Thursday, 19 February 2009

I think we're bonding...

Having doubled the measured efficiency of my cluster by linking HPL to ACML, I looked around for something else that could take me closer to the 75% efficiency achieved by "real" clusters. One obvious area to look at is the "interconnect" - the network that connects the nodes together to actually make the cluster. Top clusters use Infiniband for the interconnect, but - even though prices continue to fall - Infiniband is still out of reach for just about all Beowulf clusters like mine. Whether Infiniband will ever be widely used for these kind of clusters is open to debate: perhaps we'll all be using 10GE cards in a few years. For now though, we have to get the most from our 1 Gigabit network cards.

The highest rated Gigabit cluster on the Top 500 list comes in at number 78. It's computational efficiency is only 53.26%. The average computational efficiency of all Gigabit clusters in November 2008's Top500 list is even lower at just 50.52%. The most efficient is 63.04% efficient, the lowest at 40.34% - and that is with 5096 cores! That is a lot of wasted clock cycles. Next to these figures, the 60.3% efficiency I achieved on my four node cluster doesn't look too bad. However, the efficency was nearer 70% with two nodes, so as I add nodes it looks like overall efficency will fall. Reason enough to try and maximize performance.

One of the things I wanted to investigate from the very start was network card bonding, or - perhaps more strictly - network card aggregration. This is where you "bond" two (or more) network cards together to create a single logical network interface. In other words, two network cards share the work of one, thereby giving you an increase in network performance.

Linux support for network card bonding is definitive. Not only that, it is very easy to impliment. (There is a good article here.) From a perceus cluster point of view, you just need to add the lines

alias bond0 bonding
options bond0 mode=802.3ad miimon=100

to the /etc/modprobe.conf on the vnfs image, and then edit the /etc/perceus/modules/ipaddr file. (This is used by the perceus 50-ipaddr.pl perl script to automatically generate the the ifcfg* files in /etc/sysconfig/network-scripts/):

n00004 bond0(USERCTL=no&BOOTPROTO=none&ONBOOT=yes):192.168.4.14/255.255.255.0/192.168.4.1 eth0(HWADDR=00:18:37:07:FB:3A):[default]/[default] eth1(MASTER=bond0&SLAVE=yes): eth2(MASTER=bond0&SLAVE=yes):

This creates a bond0 interface from eth1 and eth2, the "slave" interfaces.

Linux, then, supports bonding extremely well - but Linux is only one half of the connection.
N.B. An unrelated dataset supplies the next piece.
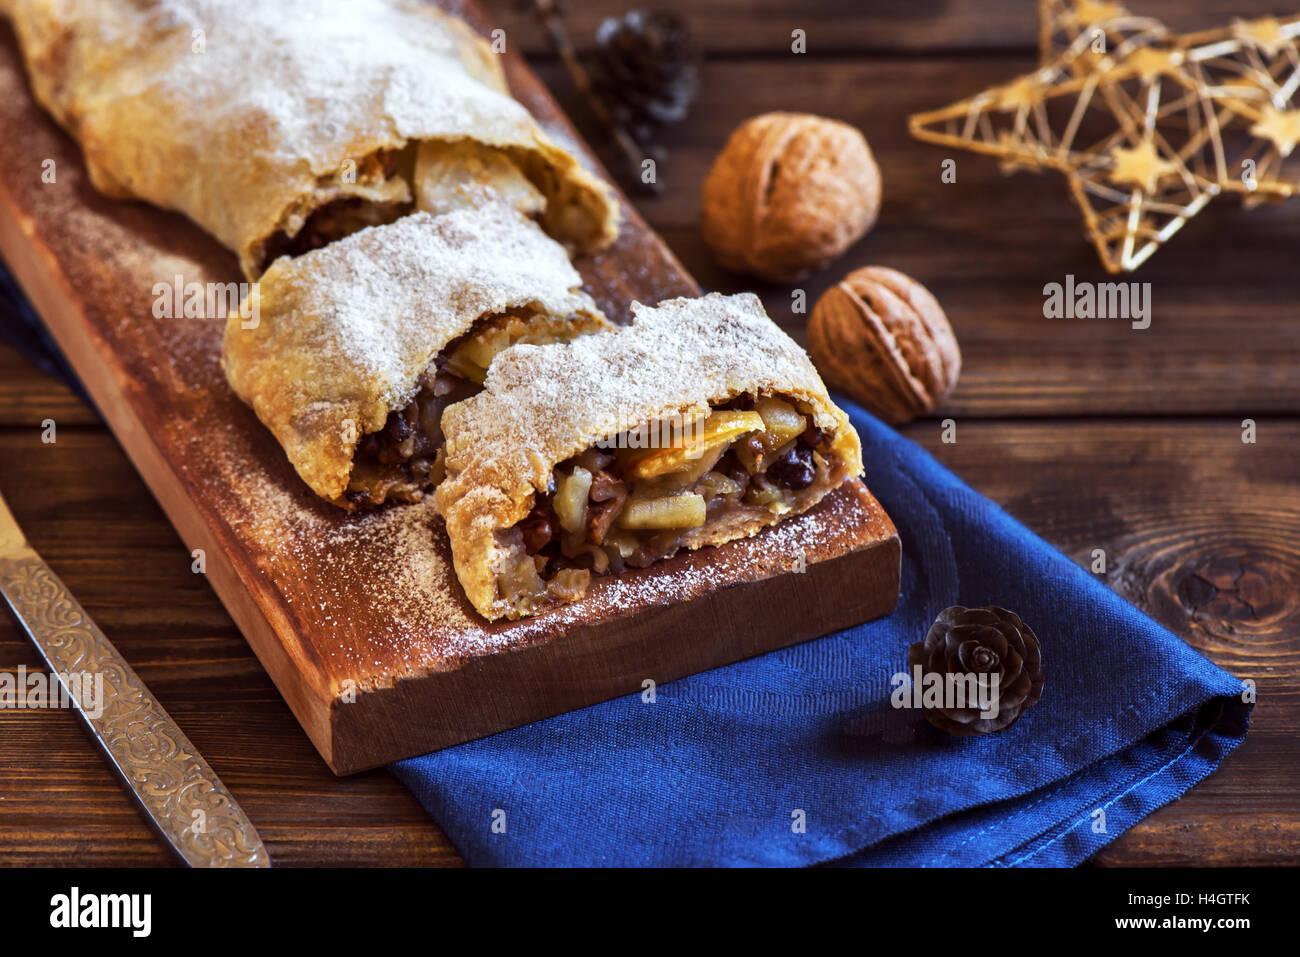 Pâtisserie Maison de Noël. Strudel aux pommes (tarte) avec les raisins secs, les noix et le sucre en poudre Photo Stock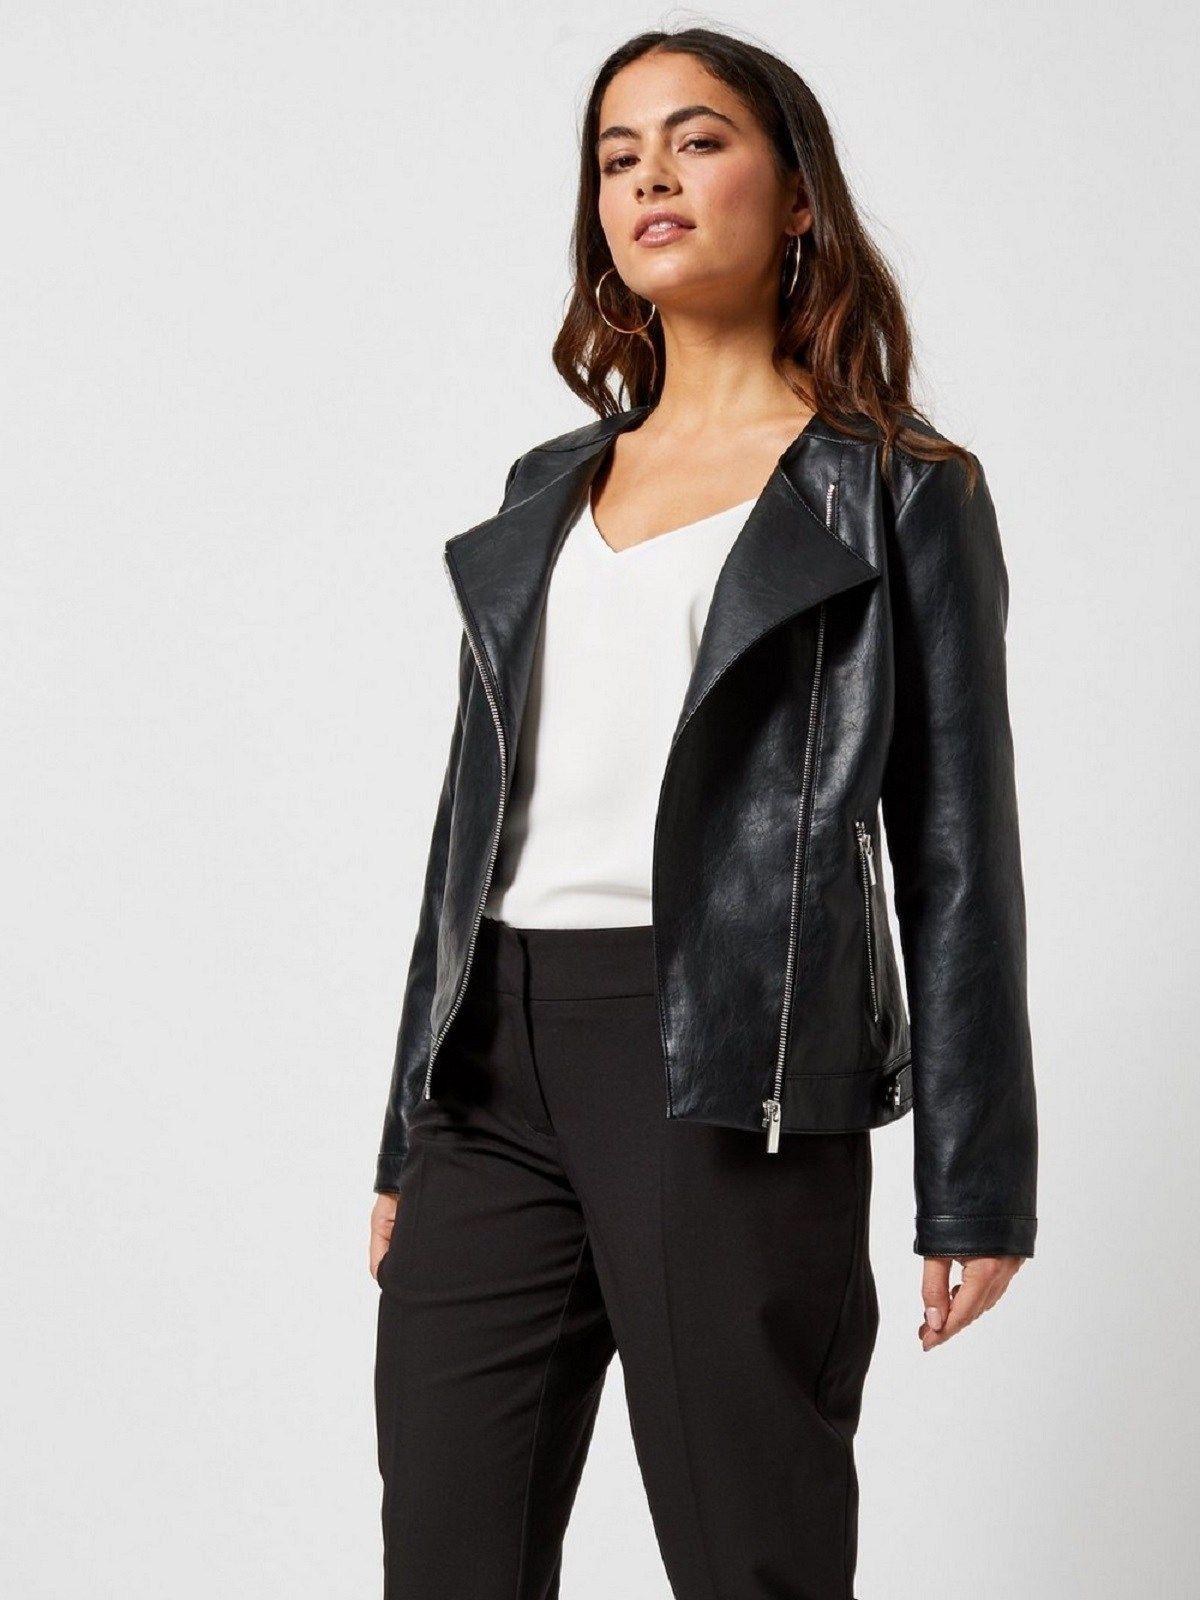 Women S Petite Black Leather Jacket Women Jacket Mauvetree Leather Jackets Women Womens Black Leather Jacket Leather Jacket [ 1600 x 1200 Pixel ]

At the other end of the wire is the switch. I was using a Dell PowerConnect 2724 switch which advertises itself as supporting "Link Aggregation." Unfortunately "link aggregation" can mean different things to different people. To me it means "using multiple network cables/ports in parallel to increase the link speed beyond the limits of any one single cable or port..." But it can also refer to using bonded network devices for load balancing and fail-over protection. It is in this latter sense that the PowerConnect 2724 switch supports "aggregation." It doesn't support cabling devices in parallel to increase performance. For that, you need LACP (the Link Aggregation Control Protocol) which the Dell 27xx switches do not support; switches that do are twice the price. It was a case on getting on eBay, where I found a "pre-enjoyed" PowerConnect 5324 which does support LACP.

So was it worth it? On a two node test, output went from 12.22 Gflops to 12.93 Gflops; that doesn't sound a lot, but it means an increase in computational efficiency from 69.3% to 73.5%. On a four node test, output went from 21.24 Gflops to 24.08 Gflops; this is an increase in computational efficiency from 60.3% to 68.4%. So the benefit of aggregation is much greater on the four node cluster. This makes sense: by using aggregation we are flattening the performance curve; we are alleviating the bottleneck effect of the additional interconnects.

Network cards are cheap - at least relative to the cost of memory or processors. If you have a switch that supports LACP, link bonding definitely seems worthwhile.

1 comment:

Menacing said...

Very interesting... I would like to see your notes on configuring LACP on the 5324. I just acquired one myself and am going to configure LAGG on my FreeNAS.